There's a rather poignant interview with the main Palestinian negotiator, Saeb
Erekat. It's a lot more telling than Edward Said's writing that was posted to
nettime today.

Last night I attended a fundraising here in Silicon Valley.  A wealthy Iranian
who made his money in semi-conductors started a non-profit called Schools
Online. They have been working in 17 countries, and their assistance and
training is quite good as any connectivity program that I've seen.

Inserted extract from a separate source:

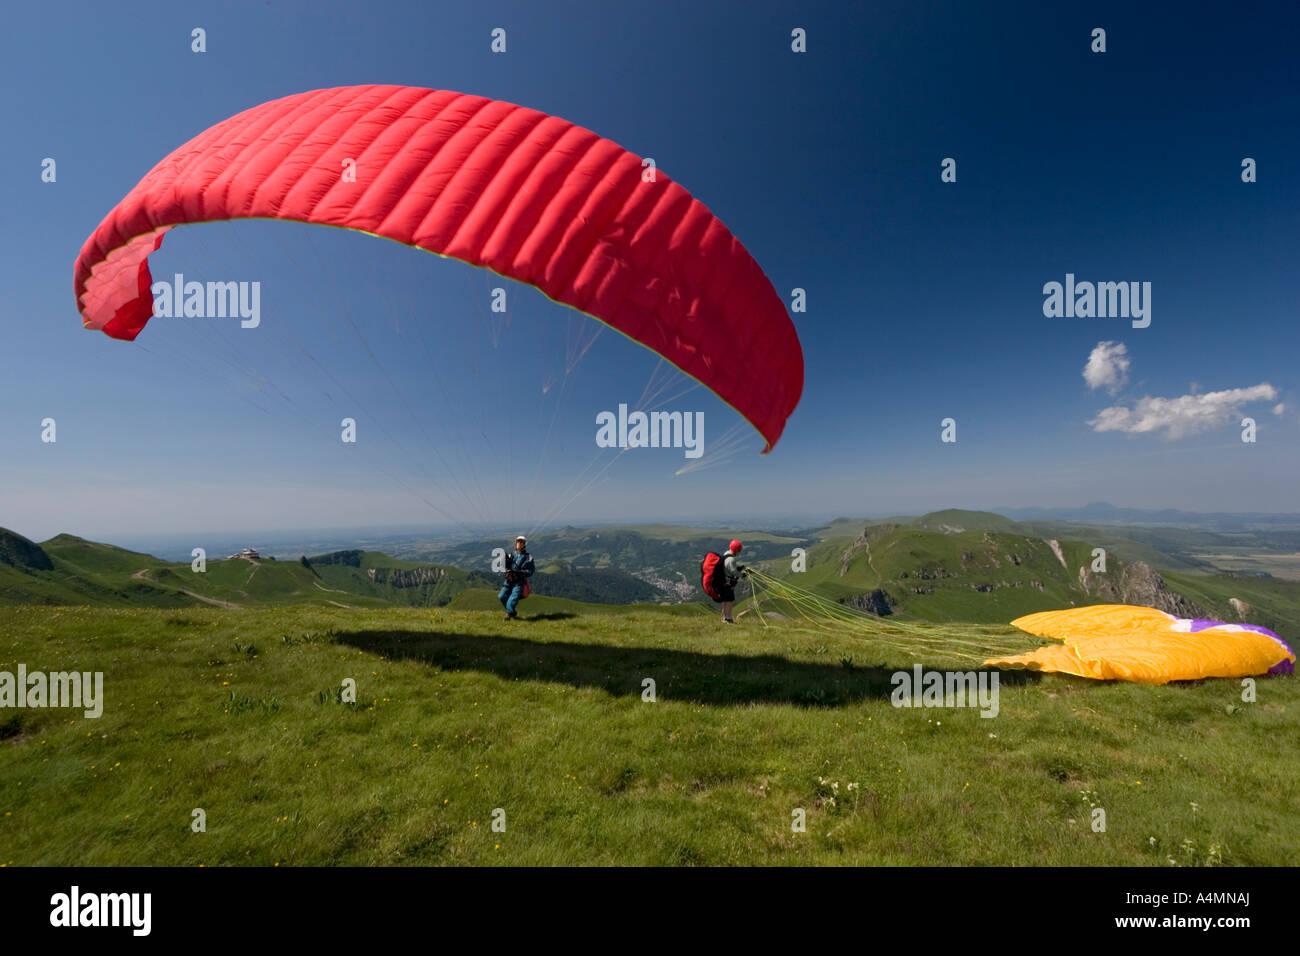 A paraglider ready to take off (Puy de Dôme-France). Parapentiste s'apprêtant à prendre son envol - Stock Image

About 175 people were invited to the Palo Alto Country Club.  the parking lot
was filled with late model Mercedes, BMW's, Ferraris. After some snacks the
crowd took their seats and heard some introductions from the founder and a board
member.  Pre-IPO companies were encouraged to donate stock options for a big
expansion of the program.

Then the the directors of the Palestine and Israel school programs took the
stage. Both were stocky men in their 50's, and they had their arms around each
other like old pals leaving a bar. the affection between the Arab and the Jew
did not seemed feigned.  The Arab was from Ramalah where the crowd killed the
Israelis and the IDF retaliated with American gunships against the police HQ.

Both the men described the simple exchanges of email that began between students
in schools in Palestine and Israel. An Arab school in Ramalah invited a Jewish
class to visit. the Palestinian director was worried because the Arabs were
rather formal, the girls were restrained and dressed conservatively.  The Jews
arrived with body piercings and pants with legs of different lengths, but within
minutes they found email friends and were talking as if they had known each
other for years.  He said it gave him hope that the politicians and the soldiers
would not destroy these moments, but he was saddened by the damage done by the
violence of the past week or so.

I thought it was a heavy burden to expect ICT  and the Internet to keep young
people from joining the others in what seems like war to me, but their
conviction and simple stories were quite moving.